We don't hear about the crimes that were committed by colonial administrations in the past, whether it's Belgium, whether it's in the UK, whether it's in France. Yet we still have victims who are alive today and who are asking for justice and reparations.

So, for us, BHM is also a space, an opportunity, a moment when we can have a much needed conversation about these questions that have been silenced. We are not only here to celebrate, we are also here to talk about the persistence of violence, of inequalities, of injustices that affect people, Black people in the diaspora, but also on the African continent.

Gargi Bhattacharyya: "If you silence what has happened to Black people across the globe, you silence how the violence of capitalism has limited all our lives"

I really support Black History Month, but I feel very torn about it. People have really struggled to have BHM recognised in the UK and across the world because of the ways that the histories of the African diaspora in particular have been silenced or raised and misrepresented. And that misrepresentation is a misrepresentation of all global history. If you silence what has happened to Black people across the globe, you silence how the violence of capitalism has limited all our lives and how it takes things from people and gives them to others. How it cuts lives short and how it makes us all less than human.

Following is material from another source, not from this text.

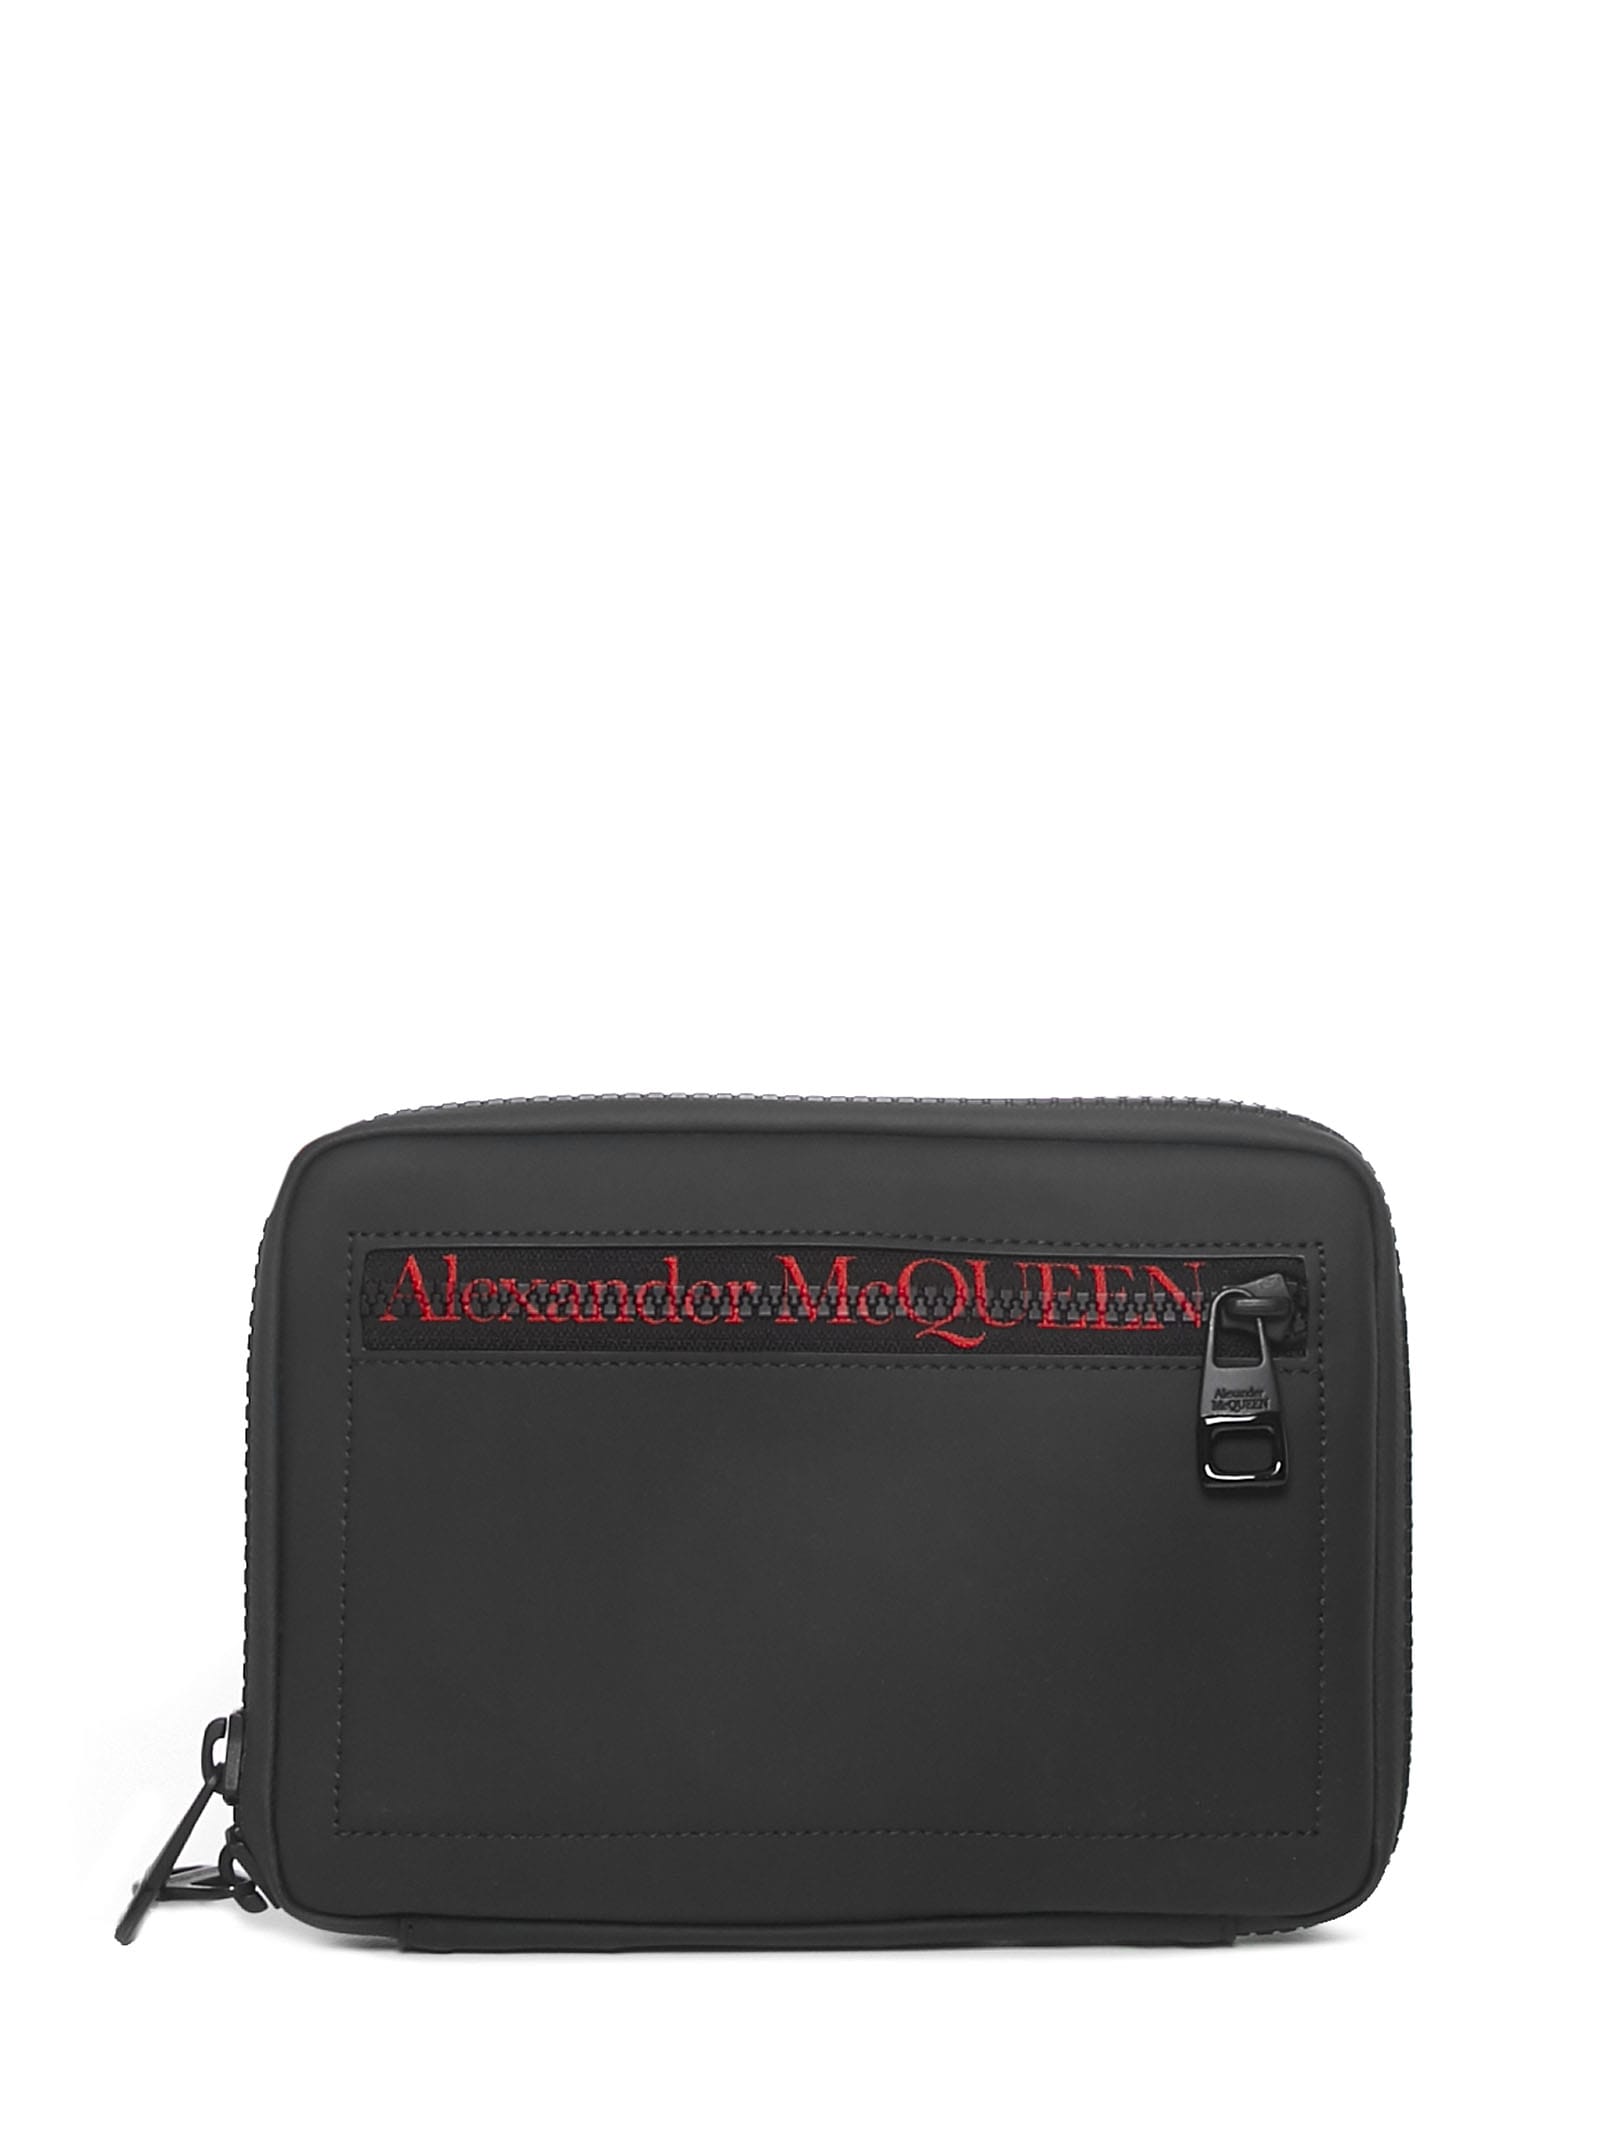 Alexander Mcqueen I-pad Case In Black
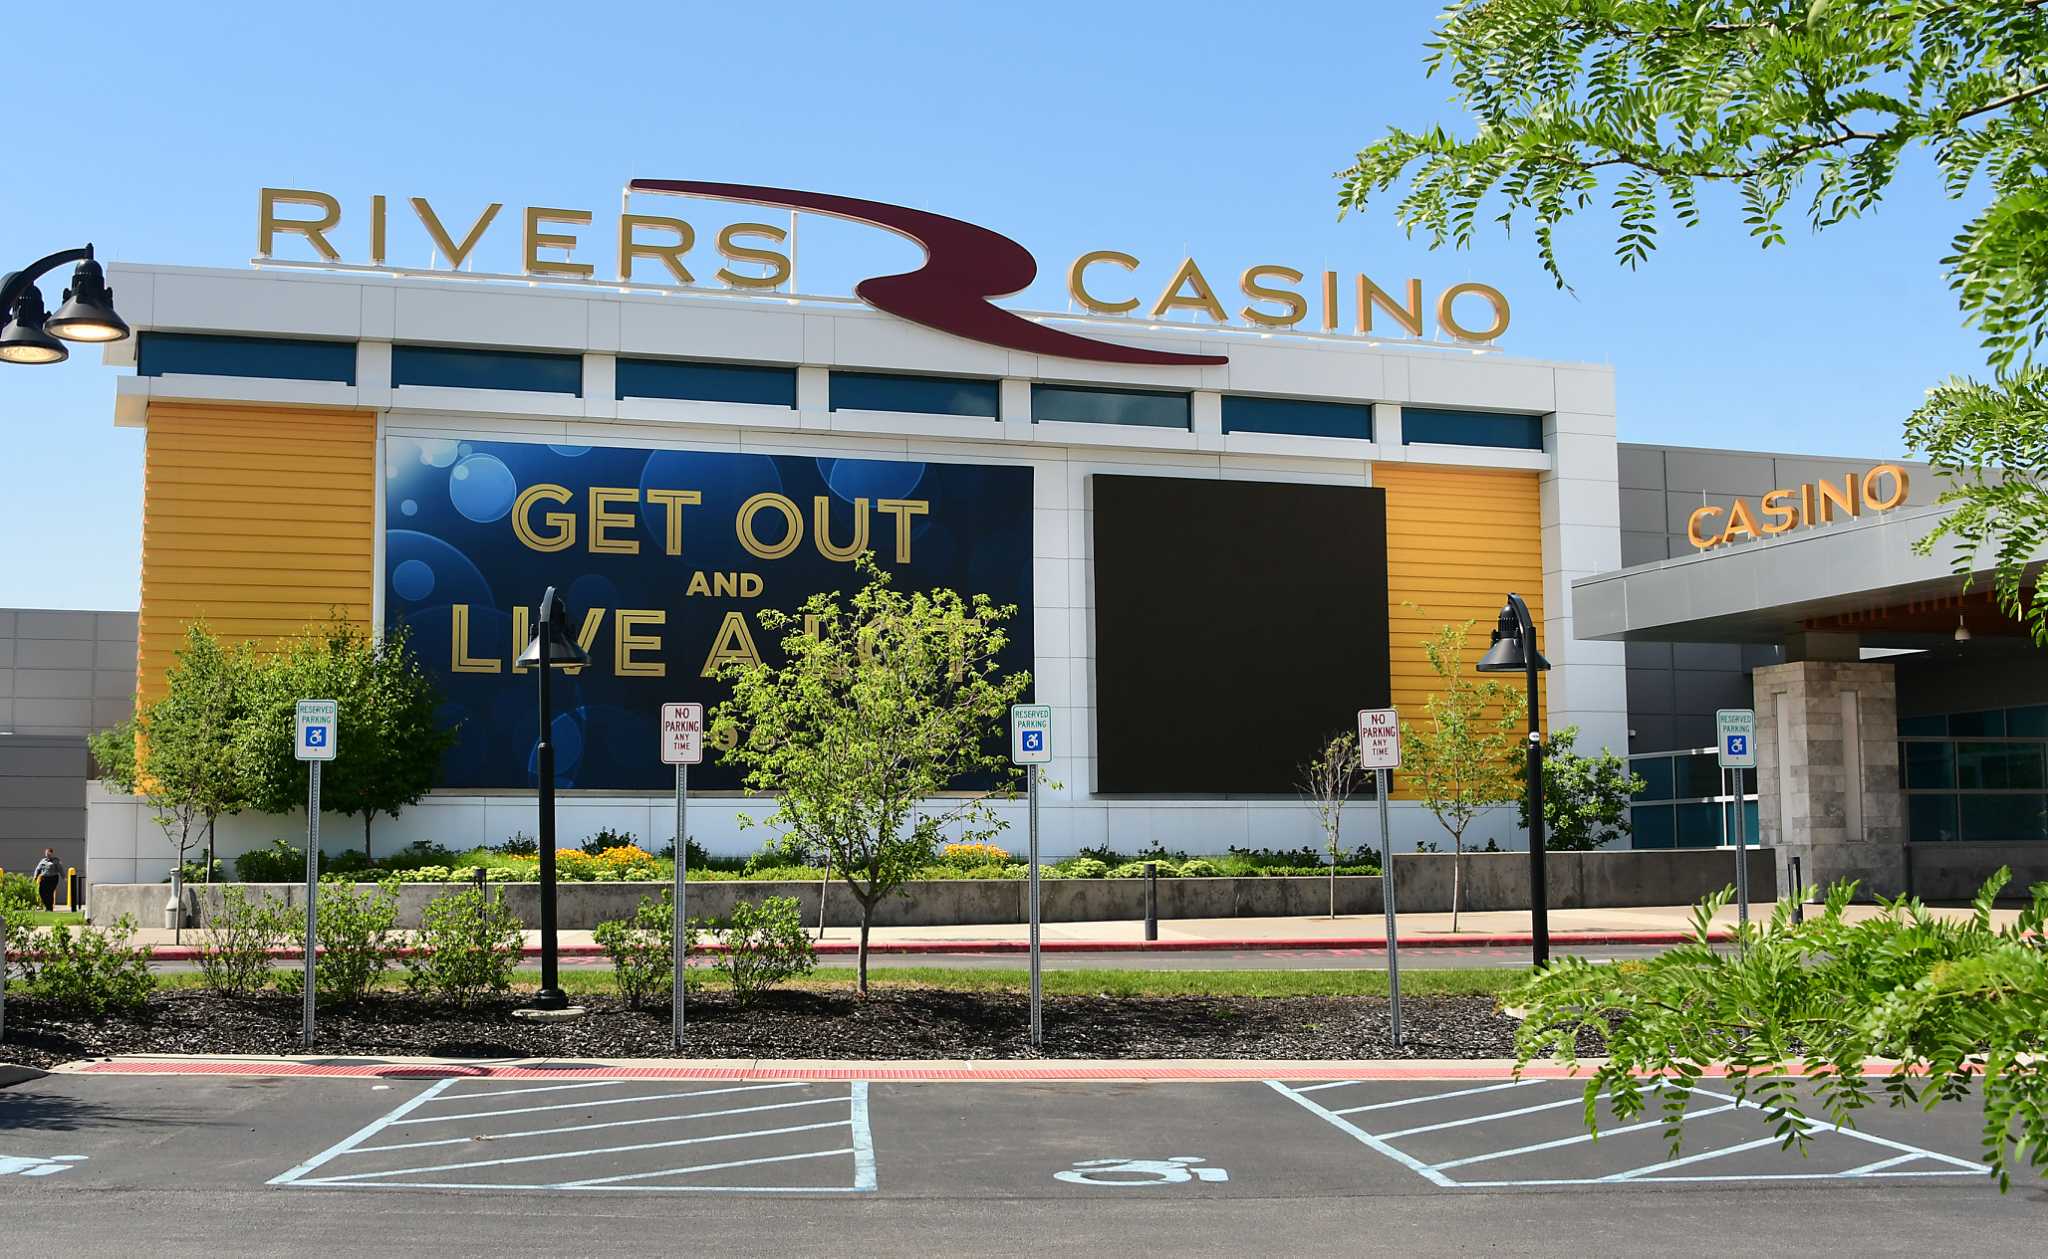 Rivers Casino restaurants extend hours

I work on racial capitalism, which is a framework that tries to understand how capitalism, its formation at its development has been reliant on and kind of parasitic vis-à-vis structures of racism and continues to be. So that there is no capitalism that's not implicated in systems of racism. And I think BHM helps us to focus on understanding what that means in all kinds of processes, both within one country, about how some groups of people become rendered less than, less entitled, have rights stripped from them, have assets stripped from them and globally how we see the global system of death for some, and consumerism for others remade again and again.

I also feel very torn about having a focus on Black Women this year, although I understand why it's really needed, because there is such a paucity of knowledge about black histories and the particular lives that key activists and figures have led that has been erased from popular consciousness.

And if you don't have a month that says, actually Black Women now, people just don't have an opportunity to hear what Black Women across the diaspora or and across the ages have done. But saying that, I don't subscribe to a model of analysis of racial capitalism that says it was worse for women than for men or worse for this group than for that group. What I would prefer to focus on, is how gendering (male and female) works as a technology or technique of power that has been used against the African diaspora and other racially subjugated people as a tool of violence. That is really the important message that I believe people need to hear and what a focus on Black History needs to bring to light, for the month just passed and many months to come.